Memang, sungguh sukar untuk menemukan ulasan yang optimis tentang Republik Indonesia dewasa ini, baik tentang rakyat, wilayah, maupun pemerintahannya. Rakyat kita yang majemuk, bukan saja demikian mudah berkonflik satu sama lain tidak jarang karena sebab yang tidak berarti tetapi juga di beberapa daerah telah mengemuka aspirasi kuatuntuk memisahkan diri dari Republik Indonesia. Di satu dua daerah, malah telah muncul dan beroperasi gerakan pemberontakan bersenjata. Wilayah kita, beserta sumber alamnya yang kaya, selain tidak terjaga dengan baik, juga telah dijarah oleh habis-habisan oleh berbagai fihak yang hampir selalu lolos dari pertanggungjawaban hukum. Jajaran pemerintahan baik cabang legislatif, eksekutif, maupun yudikatif  bukan saja memberi kesan teralienasi dan tidak demikian menghiraukan nasib rakyatnya, tetapi juga konflik berkepanjangan antara satu kelompok dengan kelompok lainnya.
Krisis moneter yang melanda Asia sejak tahun 1997 menimbulkan akibat negatif yang bukan main beratnya bagi bangsa dan negara Republik Indonesia, bukan hanya dalam bidang ekonomi, tetapi juga dalam bidang sosial budaya, dalam bidang sosial politik, bahkan dalam bidang pertahanan keamanan.
Dalam bidang ekonomi, kemerosotan nilai rupiah terhadap dollar telah menyebabkan kerugian luar biasa, khususnya karena demikian besarnya hutang Indonesia dalam bentuk valuta asing, baik hutang pemerintah maupun hutang pihak swasta.
Kemerosotan ekonomi mempunyai dampak yang bukan main besar terhadap bidang sosial budaya, selain berwujud meningkatnya jumlah orang miskin, yang lazimnya menjadi faktor kriminogen, faktor penyebab timbulnya kejahatan, juga telah memicu terjadinya konflik horizontal antara sesama warga masyarakat sendiri (TADJOEDDIN, 2003). Di daerah-daerah yang didiami berbagai etnik, konflik horizontal antara berbagai etnik ini telah menimbulkan konflik antara suku autochtoon dengan suku pendatang, yang tidak jarang menyebabkan terjadinya pengusiran dan pengungsian dalam jumlah yang lumayan besar.       
Dalam bidang politik, adalah merupakan suatu truisme di manapun juga, yaitu bahwa pemerintahan biasanya runtuh pada saat kemerosotan ekonomi. Keruntuhan pemerintahan Presiden Soeharto dalam tahun 1998, membawa akibat beruntun, dengan lepasnya propinsi Timor Timur, pecahnya konflik horizontal di Kalimantan, Sulawesi, Maluku, dan konflik vertikal di Aceh. Dalam peristilahan kontemporer, tidak akan terlalu salah jika disebutkan bahwa Republik Indonesia sudah merosot menjadi suatu failed state, negara yang gagal, negara yang hampir tidak mampu menunaikan tugas-tugasnya.

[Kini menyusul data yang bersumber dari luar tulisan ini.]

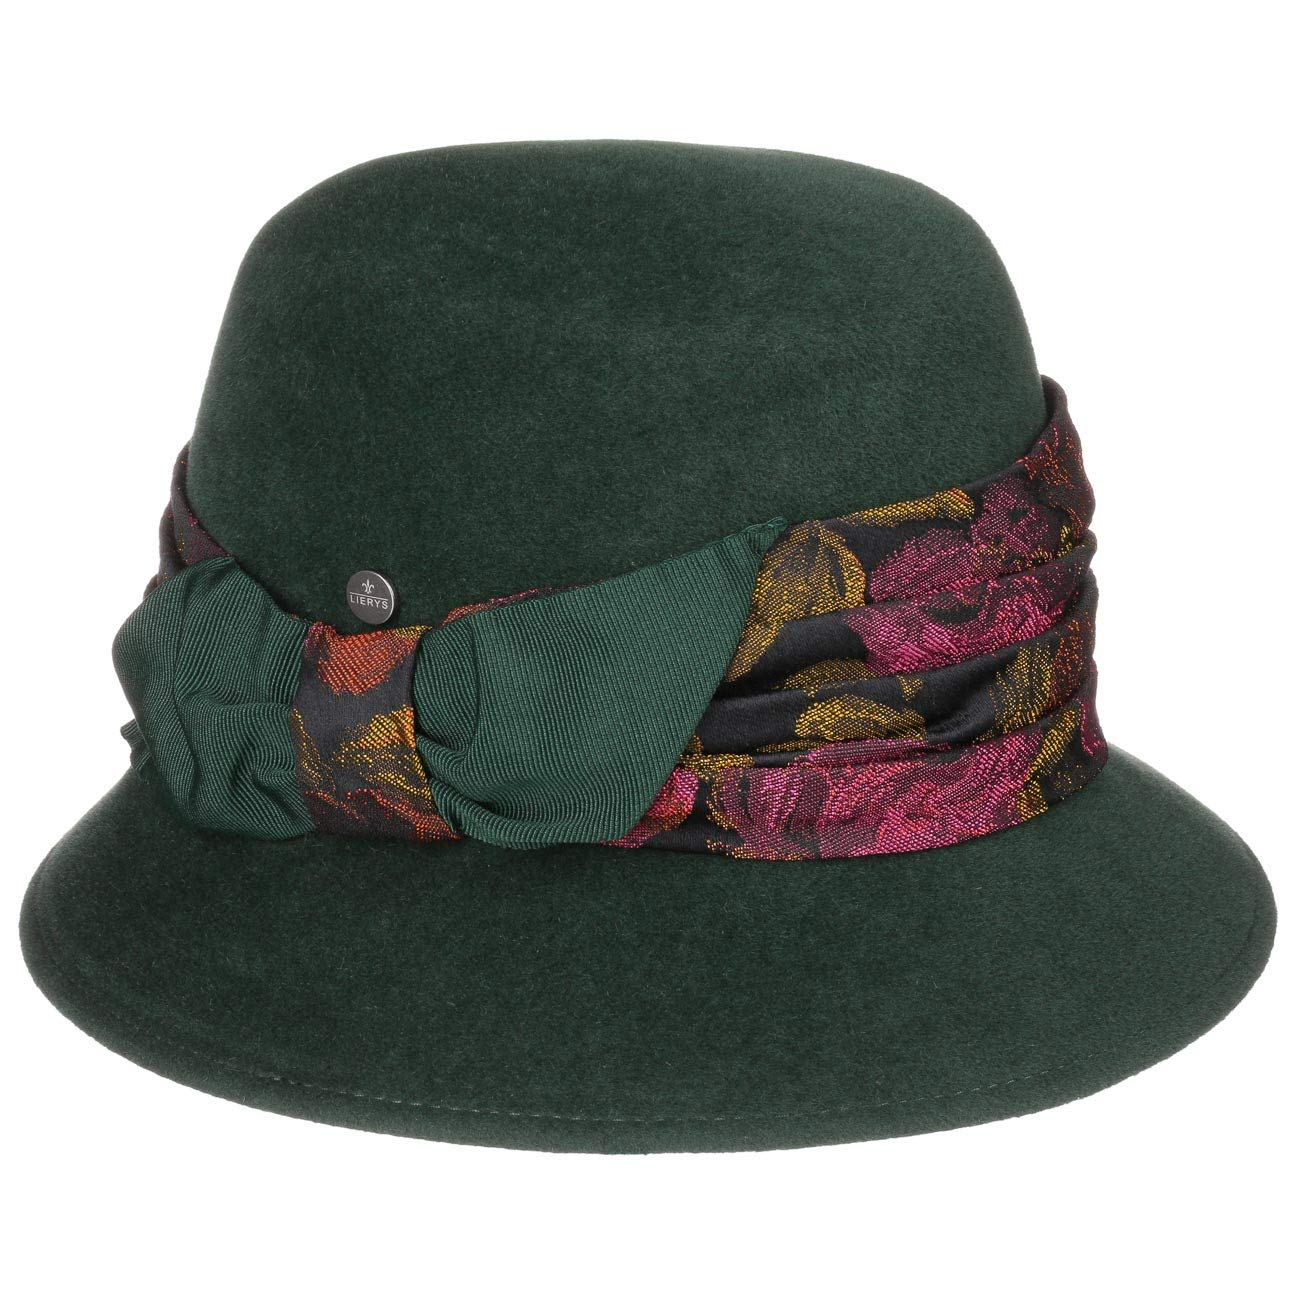 Made in Italy Herbst-Winter Lierys Haarfilzhut mit Brokatgarnitur Damenhut Filzhut Damenglocke Filzglocke Winterhut Damen

Adalah merupakan suatu kebiasaan bagi suatu rezim untuk selalu menyalahkan rezim pendahulunya terhadap segala masalah yang dihadapinya. Orde Lama menyalahkan pemerintahan Hindia Belanda. Orde Baru menyalahkan Orde Lama. Reformasi menyalahkan Orde Baru. Tidak mustahil Orde Reformasi akan disalahkan oleh berbagai orde-orde penggantinya. Cara seperti itu tidak bisa dilanjutkan lagi, oleh karena sama sekali tidak ada manfaatnya.
Yang harus kita lakukan adalah melanjutkan, menyempurnakan, memantapkan, serta mengoperasionalkan semangat reformasi nasional berdasar rangkaian konsensus nasional yang berkembang sejak tahun 1998 (FEULNER, 2002;MISHRA, 2002). Paradigma 14 keterkaitan struktural antara tiga komponen negara menurut Konvensi Montevideo 1933 mungkin dapat membantu ke arah tercapainya perbaikan secara berkesinambungan tersebut.
Dari segi nation- and state-building suatu masalah yang mendesak untuk ditangani adalah memuluskan kembali hubungan antara pemerintah dengan rakyat yang bermasyarakat majemuk ini. Berikut ini penulis menyajikan dua konsep lanjutan yang mungkin bermanfaat, yaitu tentang Teori Kue Lapis tentang Nation- and State-Building dan Paradigma Hubungan antara Pemerintah dan Etnik.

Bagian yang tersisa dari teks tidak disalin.